Spark with MLlib will also let you use machine learning for predictive analysis or discovery—something that’s very difficult to do with SQL analytics. When data is constrained by relational models, you can’t easily, as the City of Houston did, build a model that predicts storm surge and hurricane damage and link it to sociodemographic data to discover which populations were suffering more due to flooding during Tropical Storm Alison, and why.
Or link years of public opinion surveys with student performance data and health data and connect the dots to discover how health challenges are impacting educational outcomes. (It turns out asthma is a problem.)
Data science models on top of big data are very fast to develop relative to SQL analytics. In SQL-based systems, it can take months to analyze the data, months to build the analytical models, and then months more to modify them if you need to change them down the road. With Spark, you can be exploring your data and deriving insight in a matter of hours. The result doesn’t make sense?
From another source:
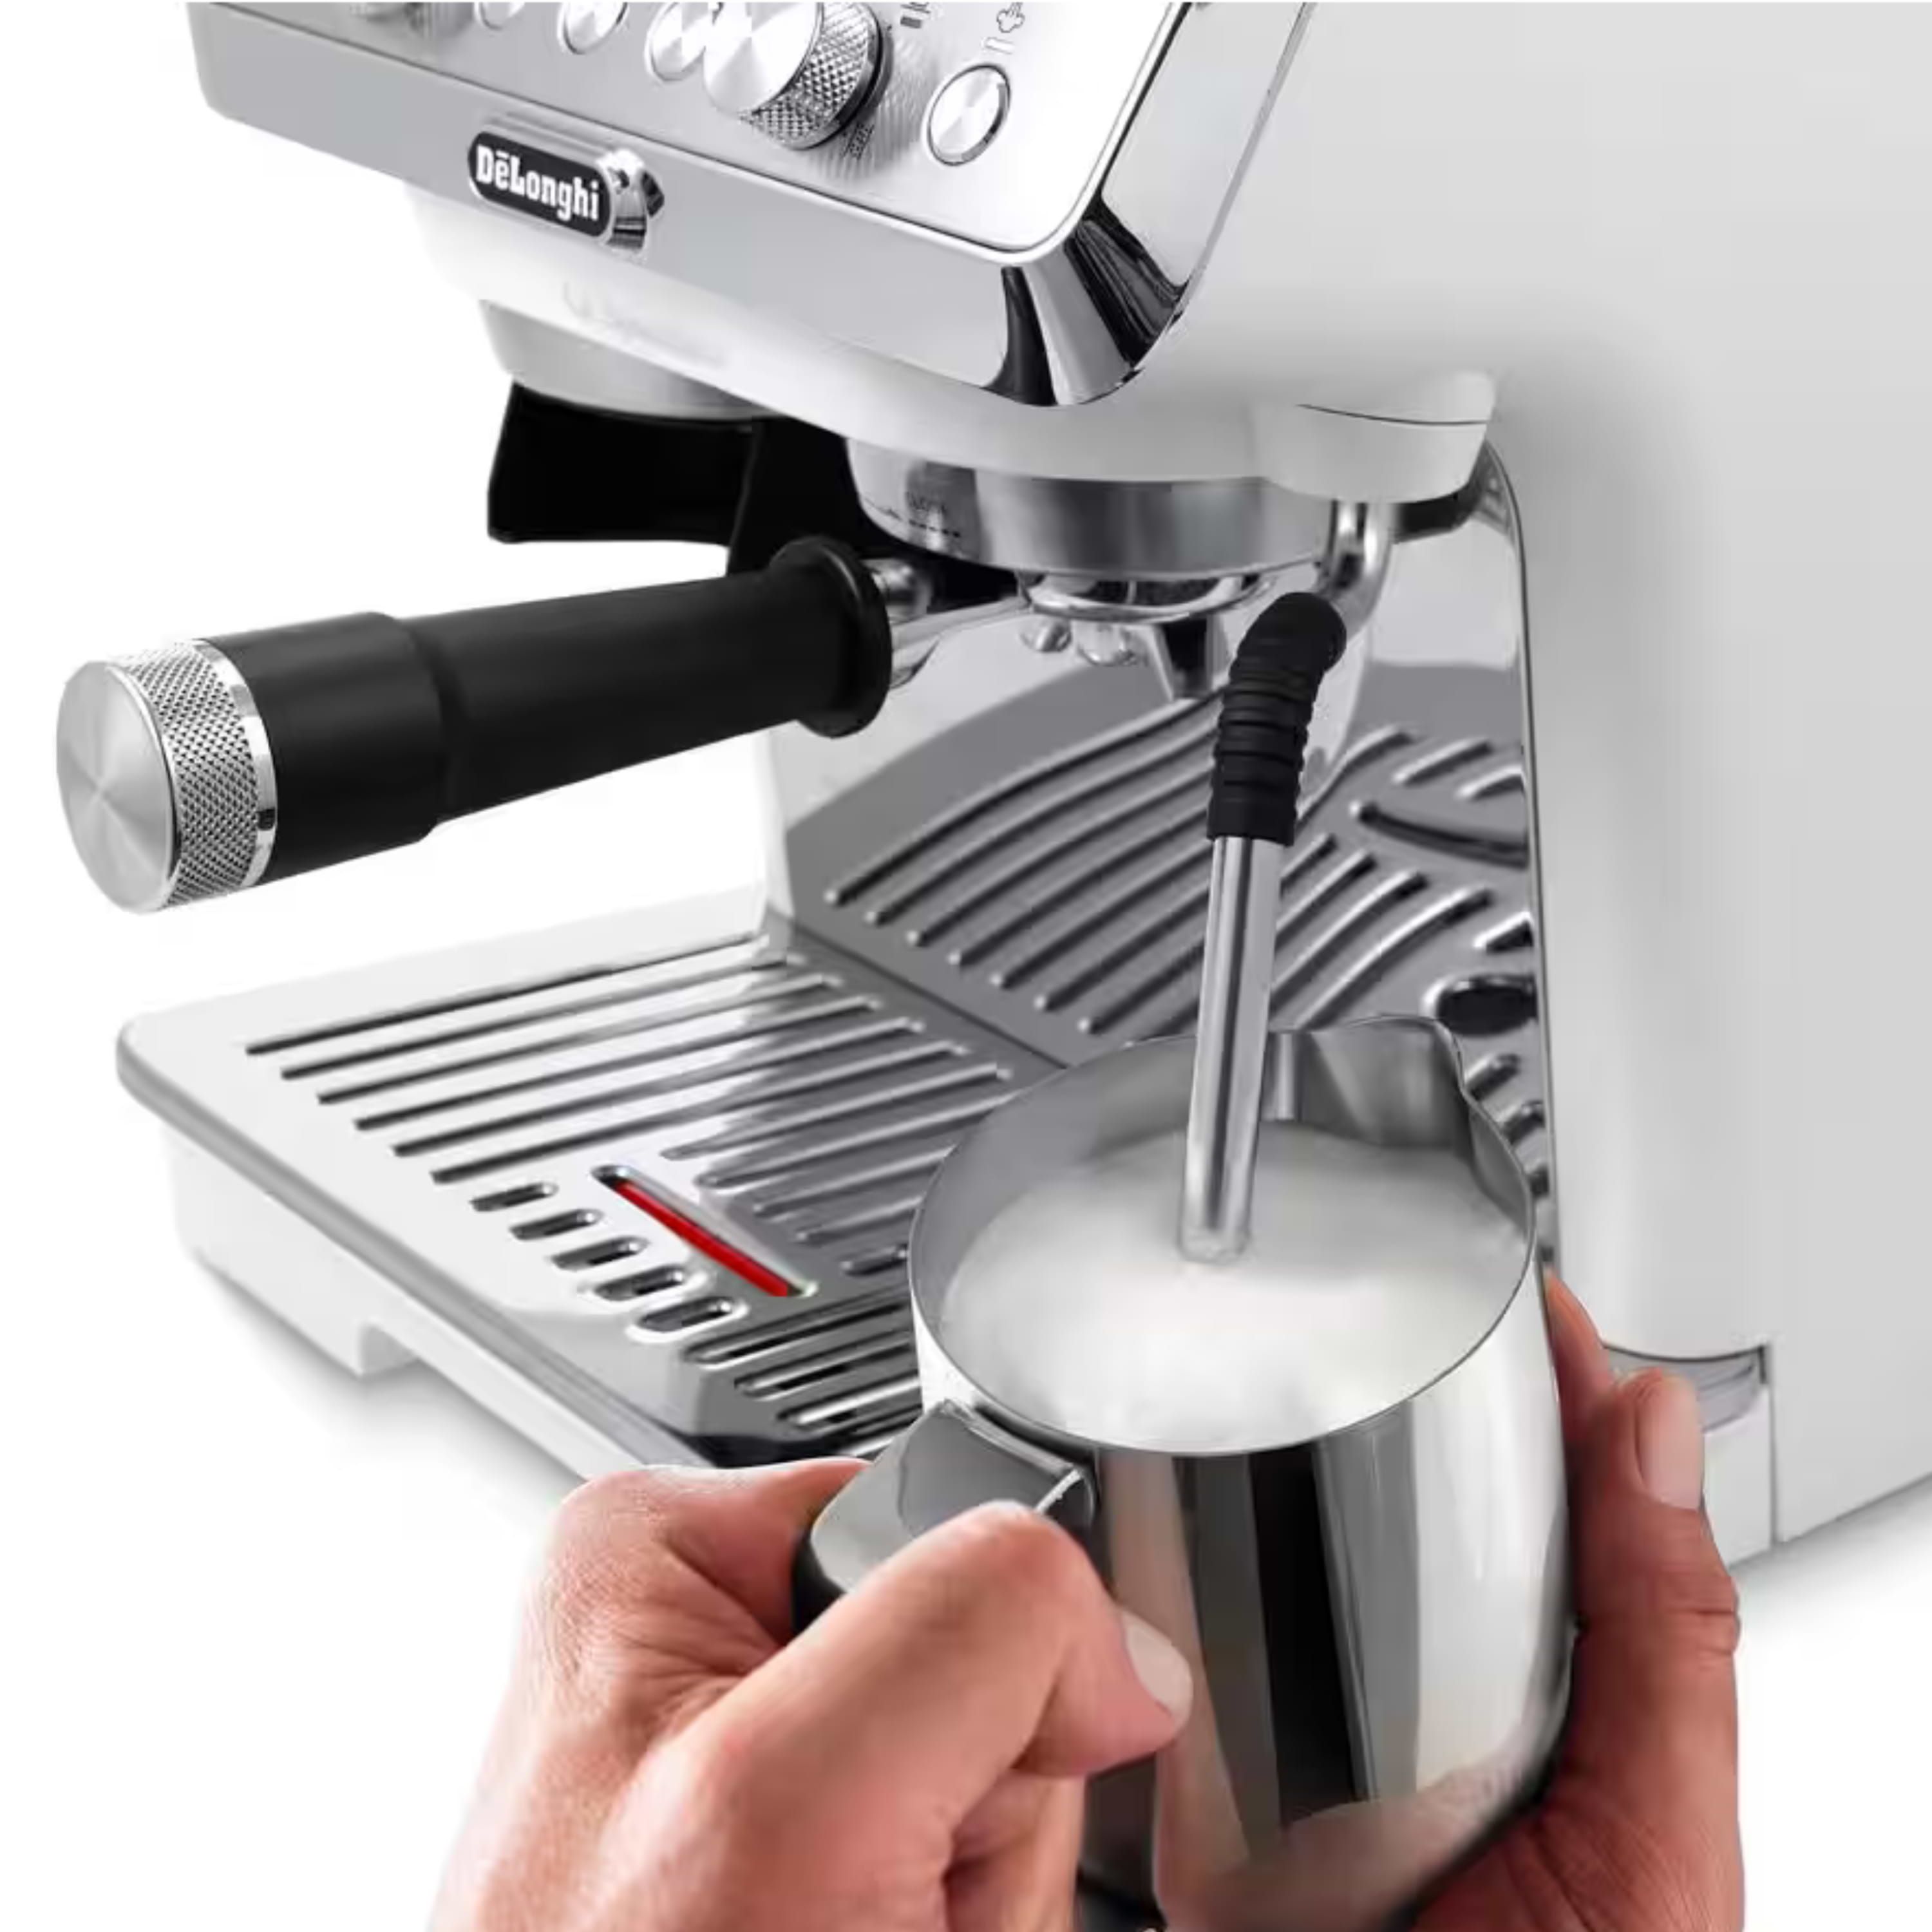 מכונת קפה ידנית DELONGI EC9155.W לבן

Change the program in minutes rather than months.
All this is not to say you need to throw away all your old analytics models. SQL is not going anywhere soon, and your data solution does not have to be “one size fits all.” You can use big data in combination with incumbent data technologies to form a “data pipeline,” in which data can span a number of platforms and applications.
But the power and flexibility of something like Spark with MLlib, the scale at which you can analyze data, the types of questions you can ask as compared to a traditional BI tool, the difference in the types of deep understanding you can pull out, and the ease and speed with which you can do it—that’s disruptive.
And that’s why data science on top of big data is transforming the nature of analytics.
(About the author: Roy Wilds is chief data scientist at PHEMI Systems, a big data solutions company. Roy has led data science teams for multiple organizations and has advanced knowledge in machine learning theory, Python, R, and SQL, and substantial expertise using Hadoop's distributed technologies.)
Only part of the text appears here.